Summary: This function encodes reserved characters in an xs:string
that is intended to be used in the path segment of a URI. It is
invertible but not idempotent. This function applies the URI escaping
rules defined in section 2 of [RFC 3986] to the string supplied as
$uri-part. The effect of the function is to escape reserved
characters. Each such character in the string is replaced with its
percent-encoded form as described in [RFC 3986].

If $uri-part is the empty sequence, returns the zero-length string.

All characters are escaped except those identified as "unreserved" by
[RFC 3986], that is the upper- and lower-case letters A-Z, the digits
0-9, HYPHEN-MINUS ("-"), LOW LINE ("_"), FULL STOP ".", and TILDE "~".

Note that this function escapes URI delimiters and therefore cannot be
used indiscriminately to encode "invalid" characters in a path
segment.

Since [RFC 3986] recommends that, for consistency, URI producers and
normalizers should use uppercase hexadecimal digits for all
percent-encodings, this function must always generate hexadecimal
values using the upper-case letters A-F.

Examples

    * fn:encode-for-uri("http://www.example.com/00/Weather/CA/Los%20Angeles#ocean") 
      returns 
"http%3A%2F%2Fwww.example.com%2F00%2FWeather%2FCA%2FLos%2520Angeles#ocean".
      This is probably not what the user intended because all of the delimiters
      have been encoded.

    * concat("http://www.example.com/", encode-for-uri("~bébé"))
      returns "http://www.example.com/~b%C3%A9b%C3%A9".

    * concat("http://www.example.com/", encode-for-uri("100% organic"))
      returns "http://www.example.com/100%25%20organic".

fn:iri-to-uri

  fn:iri-to-uri($uri-part as xs:string?) as xs:string

Summary: This function converts an xs:string containing an IRI into
a URI according to the rules spelled out in Section 3.1 of [RFC 3987].
It is idempotent but not invertible.

If $uri-part is the empty sequence, returns the zero-length string.
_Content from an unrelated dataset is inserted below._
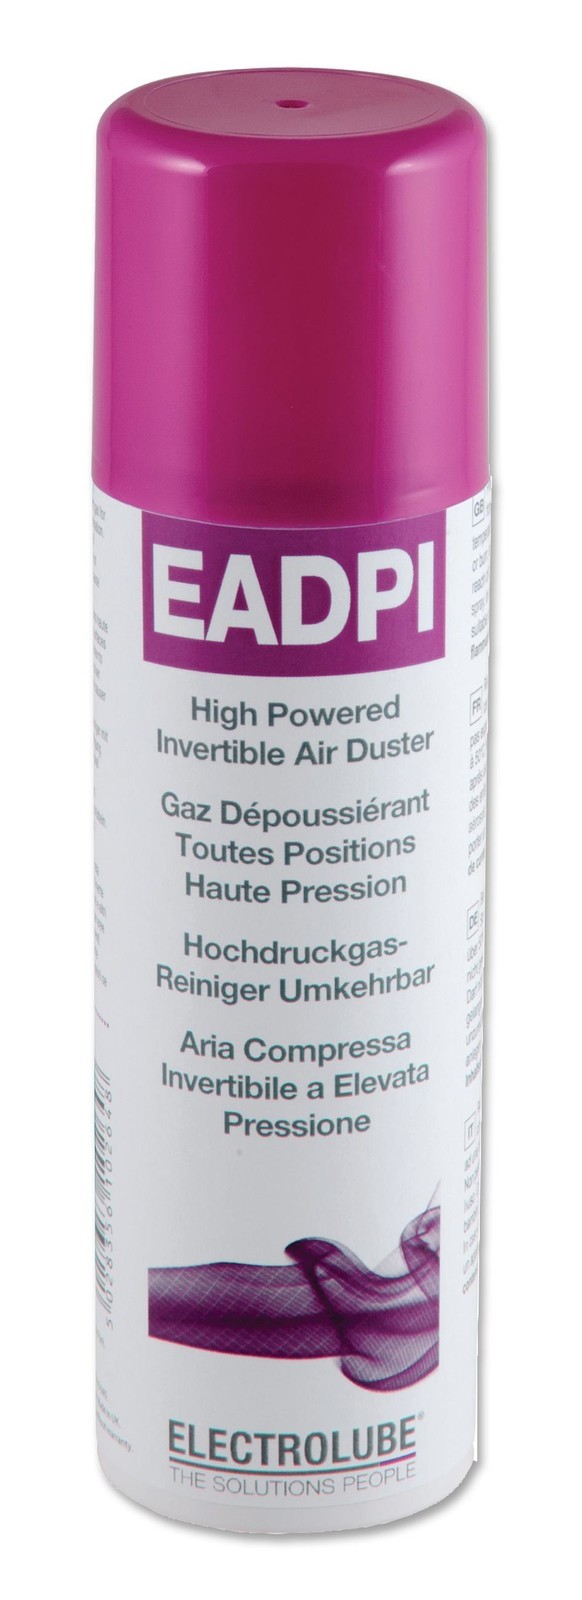 Electrolube Eadpi Airduster, Invertible High Power, Eadpi

Since [RFC 3986] recommends that, for consistency, URI producers and
normalizers should use uppercase hexadecimal digits for all
percent-encodings, this function must always generate hexadecimal
values using the upper-case letters A-F.

Note:

  Since this function does not escape the PERCENT SIGN "%" and this
  character is not allowed in data within a URI, users wishing to
  convert character strings, such as file names, that include "%" to a
  URI should manually escape "%" by replacing it with "%25".

Comment 3 Ashok Malhotra 2006-01-30 16:30:04 UTC

As decided by the joint WGs, changed the description of fn:encode-for-uri and
fn:iri-to-uri based on the wording supplied by Norman Walsh.

Comment 4 Michael Kay 2006-04-13 09:00:22 UTC

Norm Walsh's proposal in comment #2 includes the example:

    * fn:encode-for-uri("http://www.example.com/00/Weather/CA/Los%20Angeles#ocean") 
      returns 
"http%3A%2F%2Fwww.example.com%2F00%2FWeather%2FCA%2FLos%2520Angeles#ocean".
      This is probably not what the user intended because all of the delimiters
      have been encoded.

which rather contradicts the intent, clearly stated in comment #1:

"Escaping the # seems like the right thing"

I think this is just an editorial error in the proposed example, rather than anything deeper.

Pointed out on the Saxon list by Kevin Rodgers: https://sourceforge.net/forum/message.php?msg_id=3683924

Comment 5 Ashok Malhotra 2006-04-18 22:26:43 UTC

On the 2006 April 18 telcon the joint WG agreed to correct the first example in fn:encode-for-uri by esacping the # mark.